- Opening Delimiter -

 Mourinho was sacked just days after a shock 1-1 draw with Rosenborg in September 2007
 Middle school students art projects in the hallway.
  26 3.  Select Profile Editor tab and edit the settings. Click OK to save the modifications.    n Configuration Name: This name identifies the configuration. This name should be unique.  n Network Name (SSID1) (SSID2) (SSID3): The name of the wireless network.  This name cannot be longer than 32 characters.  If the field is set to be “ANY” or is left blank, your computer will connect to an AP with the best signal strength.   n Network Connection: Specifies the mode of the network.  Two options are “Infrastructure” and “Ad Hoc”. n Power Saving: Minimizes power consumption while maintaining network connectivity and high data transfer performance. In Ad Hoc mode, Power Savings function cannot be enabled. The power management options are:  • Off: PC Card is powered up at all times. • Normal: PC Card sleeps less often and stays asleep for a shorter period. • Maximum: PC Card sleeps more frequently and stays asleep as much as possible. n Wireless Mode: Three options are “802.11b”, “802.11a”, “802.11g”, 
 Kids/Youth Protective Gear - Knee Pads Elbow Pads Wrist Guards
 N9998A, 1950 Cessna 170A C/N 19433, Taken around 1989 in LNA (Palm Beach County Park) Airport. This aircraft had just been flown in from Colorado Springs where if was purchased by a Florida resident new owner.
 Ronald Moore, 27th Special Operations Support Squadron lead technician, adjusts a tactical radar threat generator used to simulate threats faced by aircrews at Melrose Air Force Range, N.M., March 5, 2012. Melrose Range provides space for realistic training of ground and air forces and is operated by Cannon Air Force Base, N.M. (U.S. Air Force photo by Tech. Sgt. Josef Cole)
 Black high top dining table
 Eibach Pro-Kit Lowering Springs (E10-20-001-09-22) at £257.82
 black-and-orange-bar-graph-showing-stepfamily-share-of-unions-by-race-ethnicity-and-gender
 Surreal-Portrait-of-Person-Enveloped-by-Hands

- Closing Delimiter -

PROBLEM TO SOLVE:
Retype each entry exactly, leaving none of them out.

RESULT OF THE TASK:
 Mourinho was sacked just days after a shock 1-1 draw with Rosenborg in September 2007
 Middle school students art projects in the hallway.
  26 3.  Select Profile Editor tab and edit the settings. Click OK to save the modifications.    n Configuration Name: This name identifies the configuration. This name should be unique.  n Network Name (SSID1) (SSID2) (SSID3): The name of the wireless network.  This name cannot be longer than 32 characters.  If the field is set to be “ANY” or is left blank, your computer will connect to an AP with the best signal strength.   n Network Connection: Specifies the mode of the network.  Two options are “Infrastructure” and “Ad Hoc”. n Power Saving: Minimizes power consumption while maintaining network connectivity and high data transfer performance. In Ad Hoc mode, Power Savings function cannot be enabled. The power management options are:  • Off: PC Card is powered up at all times. • Normal: PC Card sleeps less often and stays asleep for a shorter period. • Maximum: PC Card sleeps more frequently and stays asleep as much as possible. n Wireless Mode: Three options are “802.11b”, “802.11a”, “802.11g”, 
 Kids/Youth Protective Gear - Knee Pads Elbow Pads Wrist Guards
 N9998A, 1950 Cessna 170A C/N 19433, Taken around 1989 in LNA (Palm Beach County Park) Airport. This aircraft had just been flown in from Colorado Springs where if was purchased by a Florida resident new owner.
 Ronald Moore, 27th Special Operations Support Squadron lead technician, adjusts a tactical radar threat generator used to simulate threats faced by aircrews at Melrose Air Force Range, N.M., March 5, 2012. Melrose Range provides space for realistic training of ground and air forces and is operated by Cannon Air Force Base, N.M. (U.S. Air Force photo by Tech. Sgt. Josef Cole)
 Black high top dining table
 Eibach Pro-Kit Lowering Springs (E10-20-001-09-22) at £257.82
 black-and-orange-bar-graph-showing-stepfamily-share-of-unions-by-race-ethnicity-and-gender
 Surreal-Portrait-of-Person-Enveloped-by-Hands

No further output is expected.